Gleich zu Beginn im Mai stellt Alessi jenes Handwerk in den Mittelpunkt, das eng mit der Ursprungsregion verbunden und neben der Metallverarbeitung weit verbreitet ist: Die Holzbearbeitung. Hierfür wurden die Artikel der von Ettore Sottsass entworfenen Twergi Kollektion, 1989 erstmalig erschienen, ausgewählt. Sie revitalisieren die alte Tradition der Holzbearbeitung an der Drechselmaschine und symbolisieren den Wert des “Industrial Craftmanship”, also des industriellen Handwerks: Bei Alessi werden zwar Maschinen gebraucht, diese werden aber ganz im Sinne des Designers genutzt, sodass die handwerkliche Leistung der Fertigung im Fokus steht. Die Ursprungsfarben der Kollektion, ein sattes Gelb & Rot, wurden dabei um weitere, aufregende Farbkombinationen erweitert. Erhätlich sind beispielsweise die klassische Pfeffermühle, praktische Vorratsgläser und eindrucksvolle Tafelaufsätze.

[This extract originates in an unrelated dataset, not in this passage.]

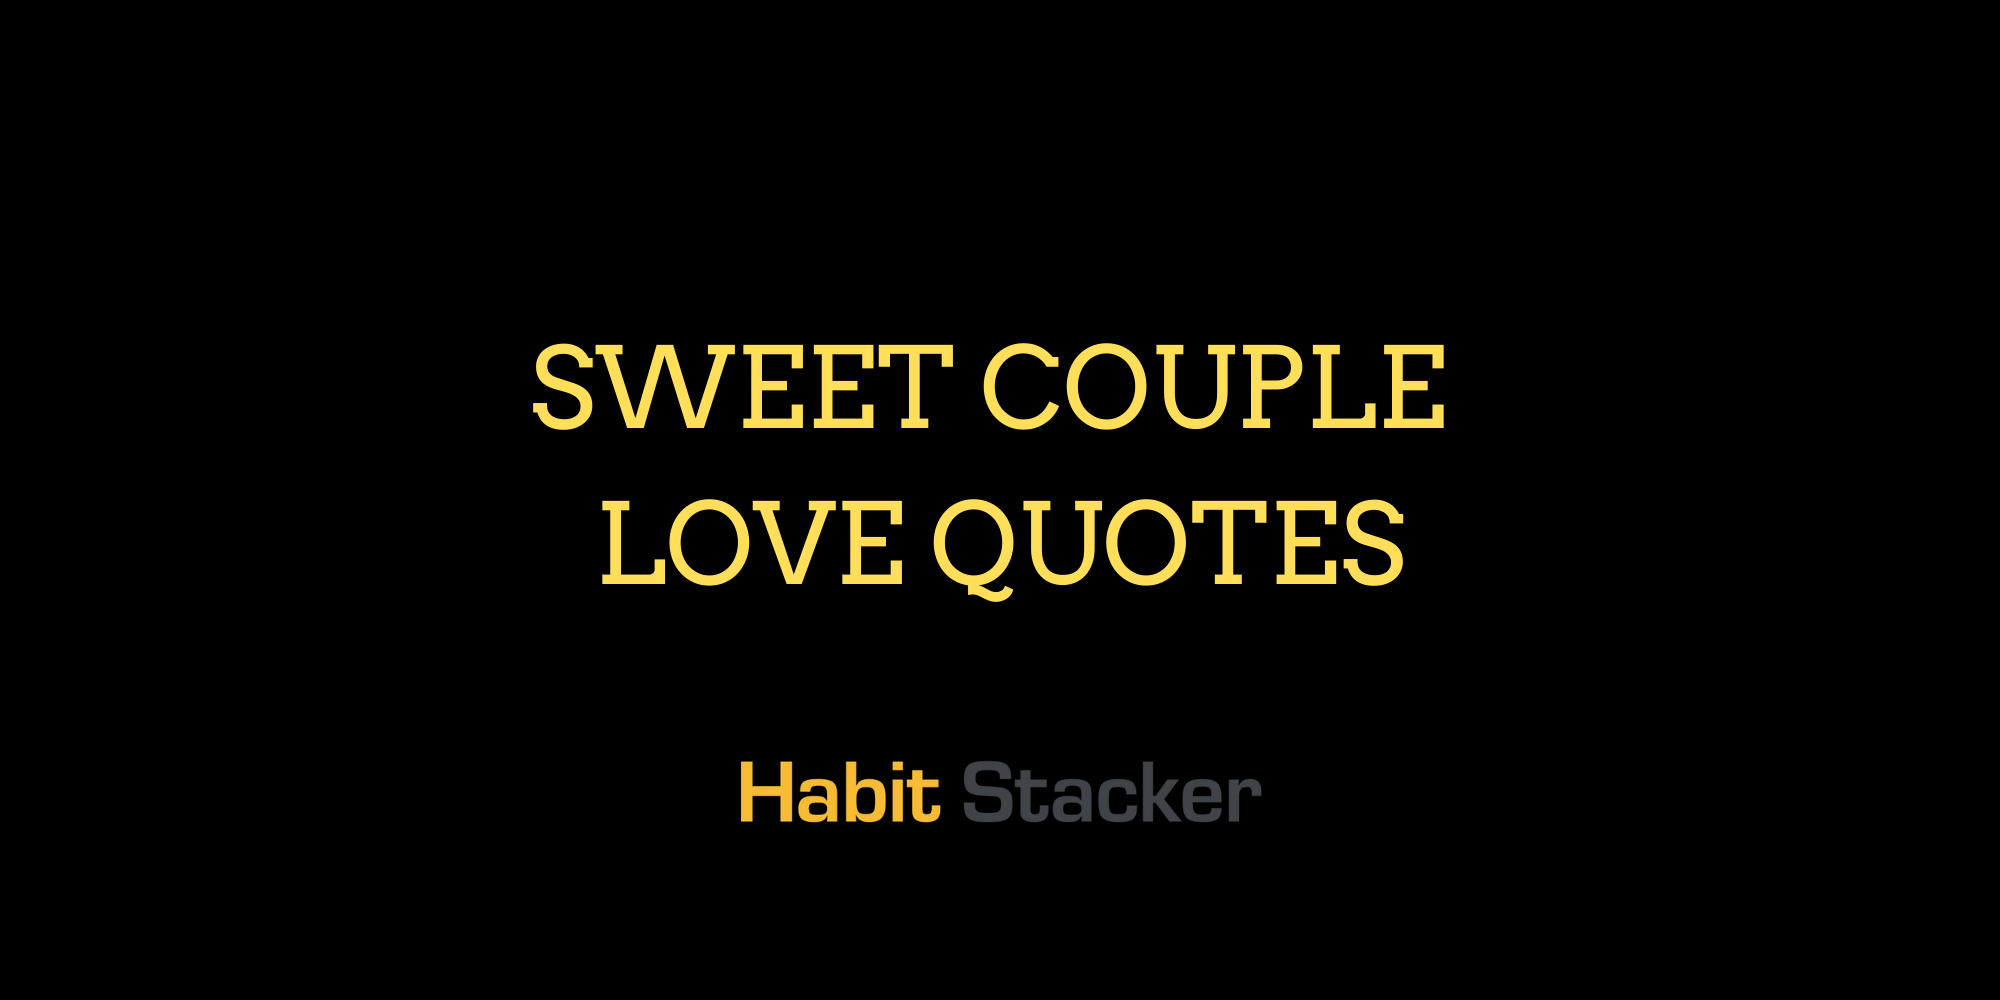 34 Sweet Couple Love Quotes - Habit Stacker

Sammlerstück: Proust Vase von Mendini
Das Objekt im Juni 2021 hingegen steht ganz im Zeichen der Kunst. Das ist auch genau der Wert, der in diesem Monat präsentiert wird: “Art”. Im Fokus steht dabei die 100% Make-Up Proust Vase, entworfen von Alessandro Mendini, von der ursprünglich zwei Exemplare für die Ausstellung „Italien-Deutschland 4-3 – Fünfzig Jahre Italienisches und Deutsches Design“ in Bonn von Alessi produziert wurden. Im Zuge dieser Exposition entstand zugleich das Projekt “100% Make-Up”, an dem 100 Personen verschiedener künstlerischer Bereiche teilnahmen. Ziel war es, ein Dekor für eben jene Vase zu kreieren, die von Mendini selbst gestaltet worden war. Die Vase Proust ist nun die 101. Vase dieser Kollektion zu Ehren des Alessi Jubiläums.
Limitiert auf 999 Stück, erinnert diese einzigartige Sonderedition der Vase an den französischen Schriftsteller Marcel Proust. Das Dekor ist zudem inspiriert vom ebenfalls von Mendini entworfenen Proust Chair, der das gleiche Muster aufweist. Die Vase selbst besteht aus weißem Porzellan und wird mit einem zapfenförmigen Deckel geschlossen – raffiniertes Detail! Das Dekor entsteht durch das Einbrennen eines farbechten Abziehbildes. Sockel und Deckel sind mit handaufgelegtem Echt-Gold verziert, das gebrannt und gebürstet wird. Ein wahres Meisterwerk – gedacht für Kunst-Liebhaber und Sammler edler Designobjekte.
Nach den ersten beiden Monaten der Alessi 100 Jubiläumskollektion dürfen wir also höchst gespannt sein, welche großartigen Objekte aus dem Alessi-Archiv uns noch erwarten. Die bisherigen Sondereditionen machen jedenfalls bereits Lust auf mehr!
Dass die italienische Designschmiede aus dem piemontesischen Omegna zeitlose Alltagsobjekte herstellt, sollte anhand der bisherigen 100-jährigen Geschichte Alessis reichlich bewiesen worden sein. Oder um es mit den Worten von Alberto Alessi zu sagen:“Gutes Design ist für die Ewigkeit.”